● **TASK OBJECTIVE**:
Your output should be exactly the lines from the one containing "Ben Elton Quote" through the last line of the listing, and nothing else. Pictures stay out.

● **DATA SECTION**:
+===+
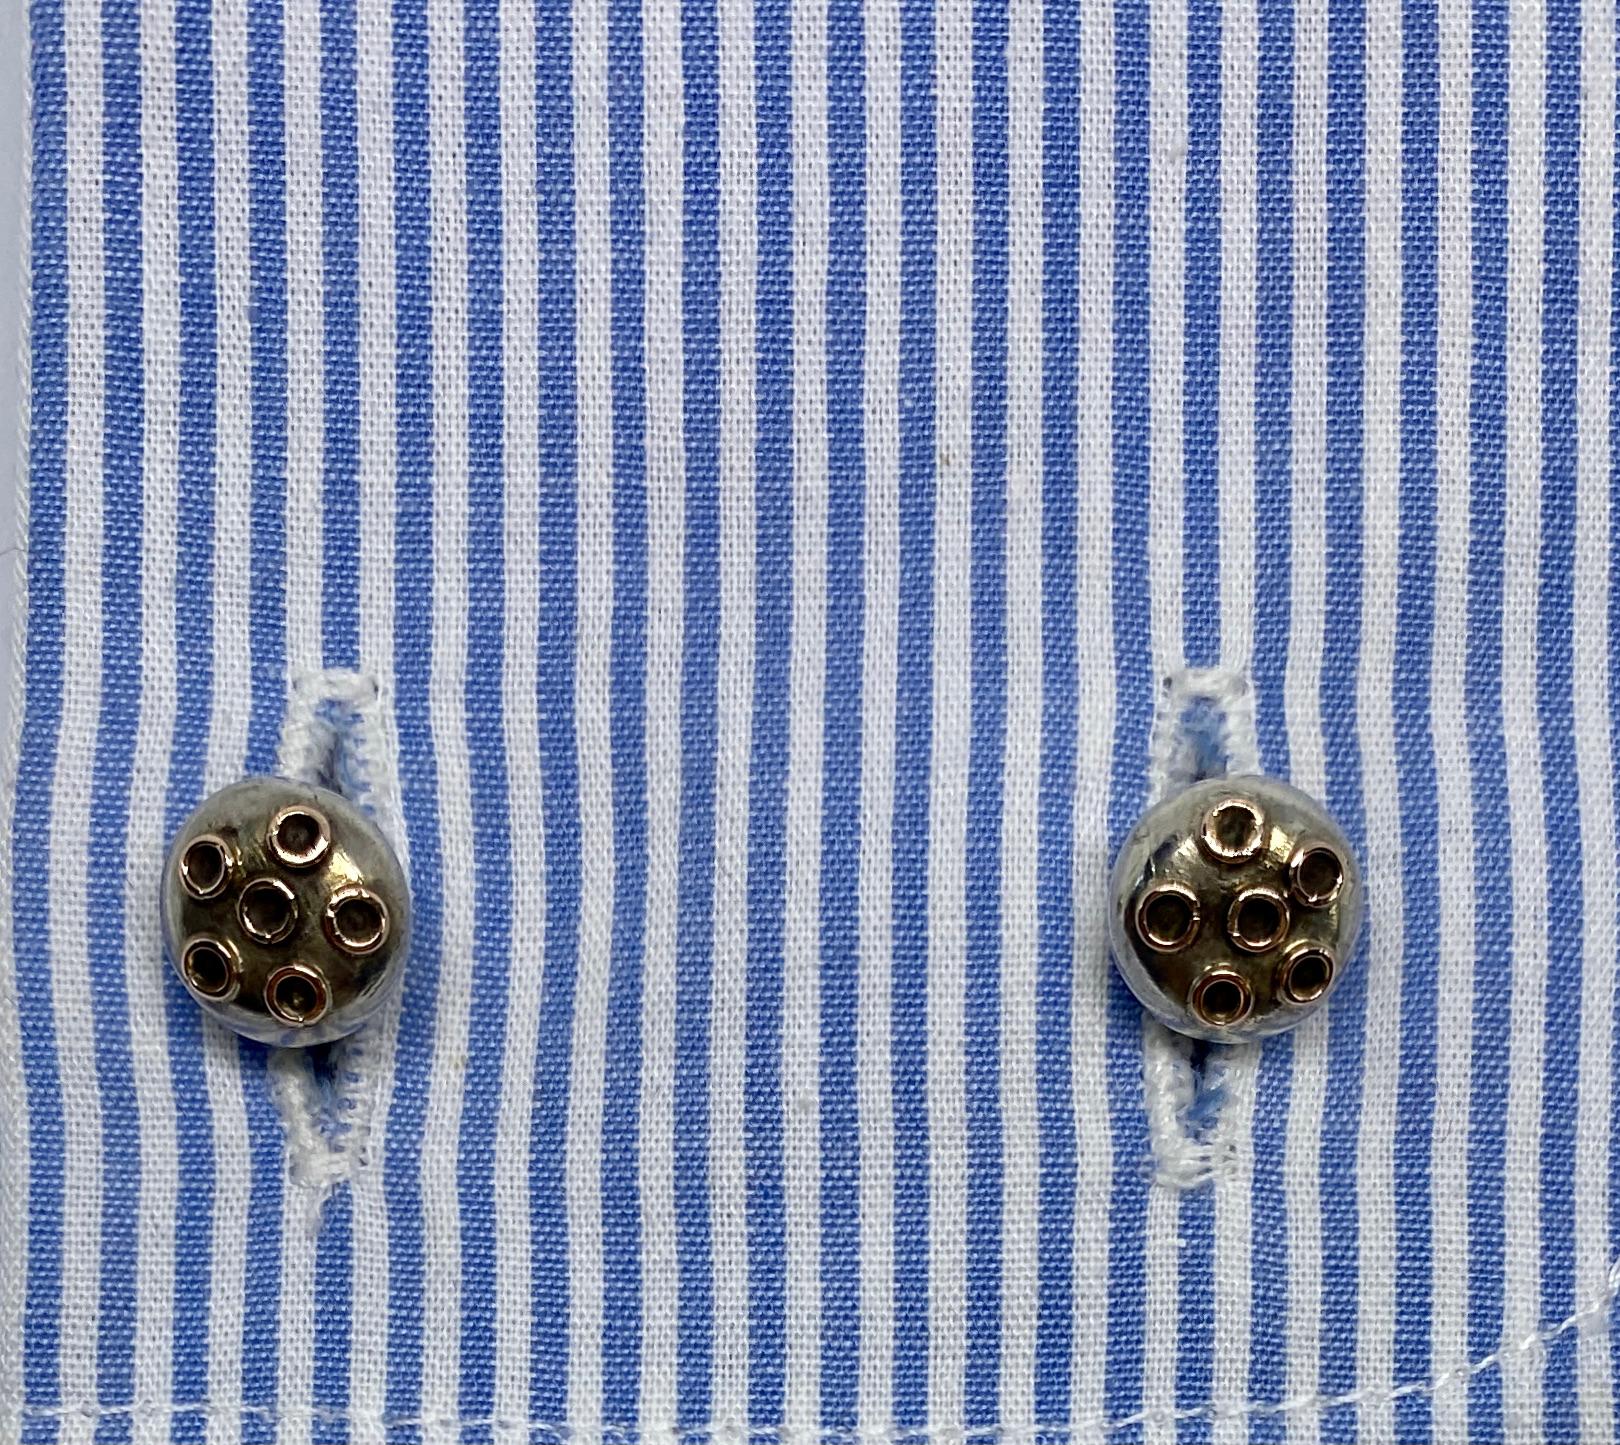 Antique Arts & Crafts Cufflinks in Sterling and Yellow Gold by George Shiebler 1
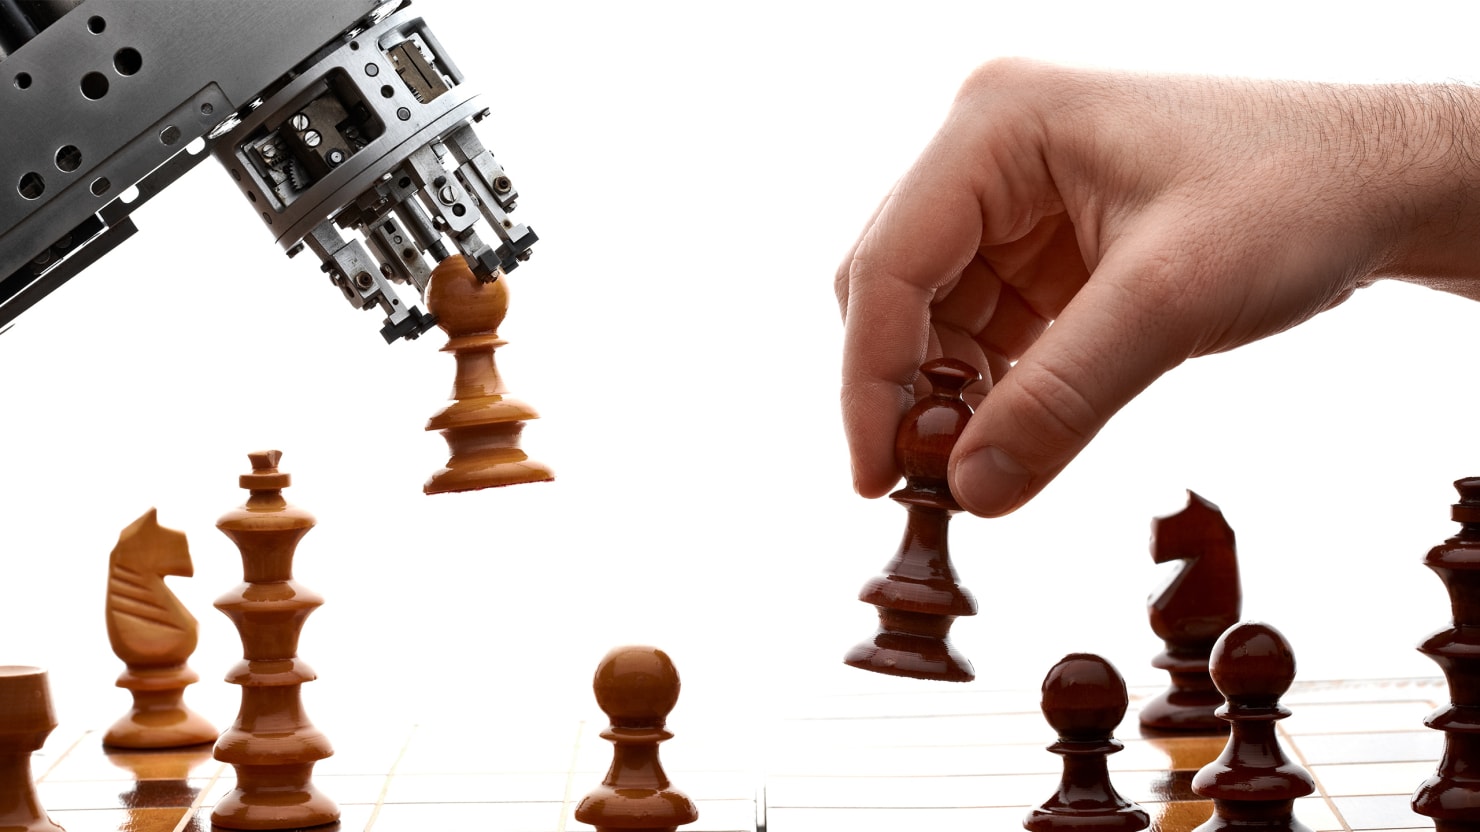 Don’t Pass Go: AI Will Beat You at Pretty Much Everything
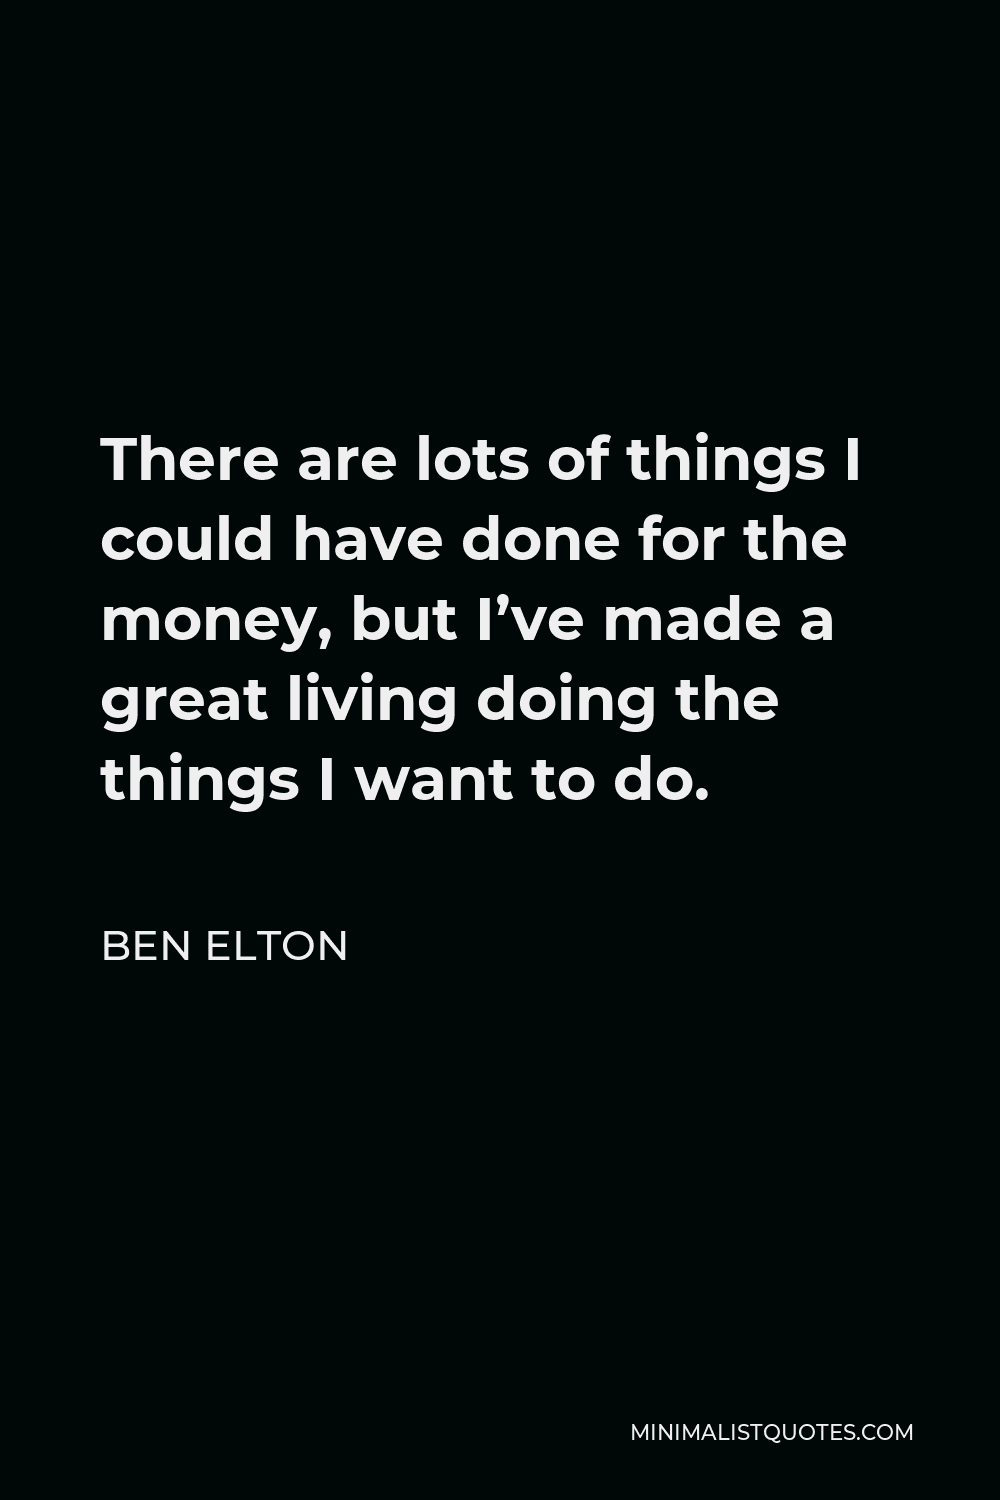 Ben Elton Quote - There are lots of things I could have done for the money, but I’ve made a great living doing the things I want to do.
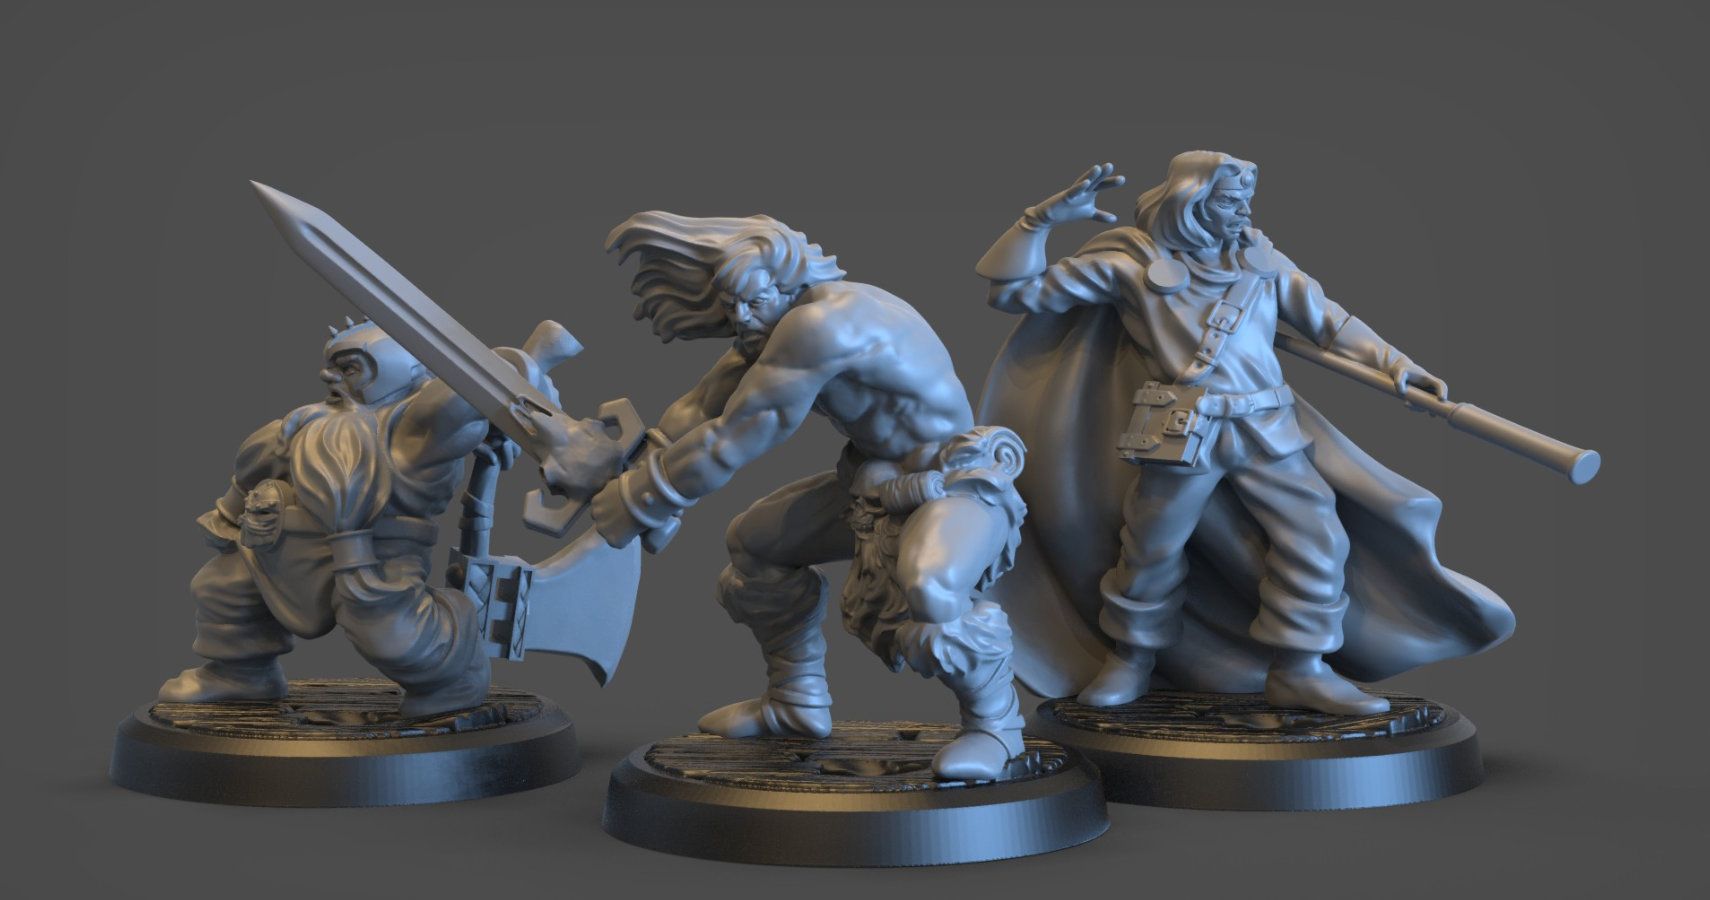 How 3D Can Your Tabletop Part 3 - Printing Miniatures
+===+
● **TASK SOLUTION**:
 Ben Elton Quote - There are lots of things I could have done for the money, but I’ve made a great living doing the things I want to do.
 How 3D Can Your Tabletop Part 3 - Printing Miniatures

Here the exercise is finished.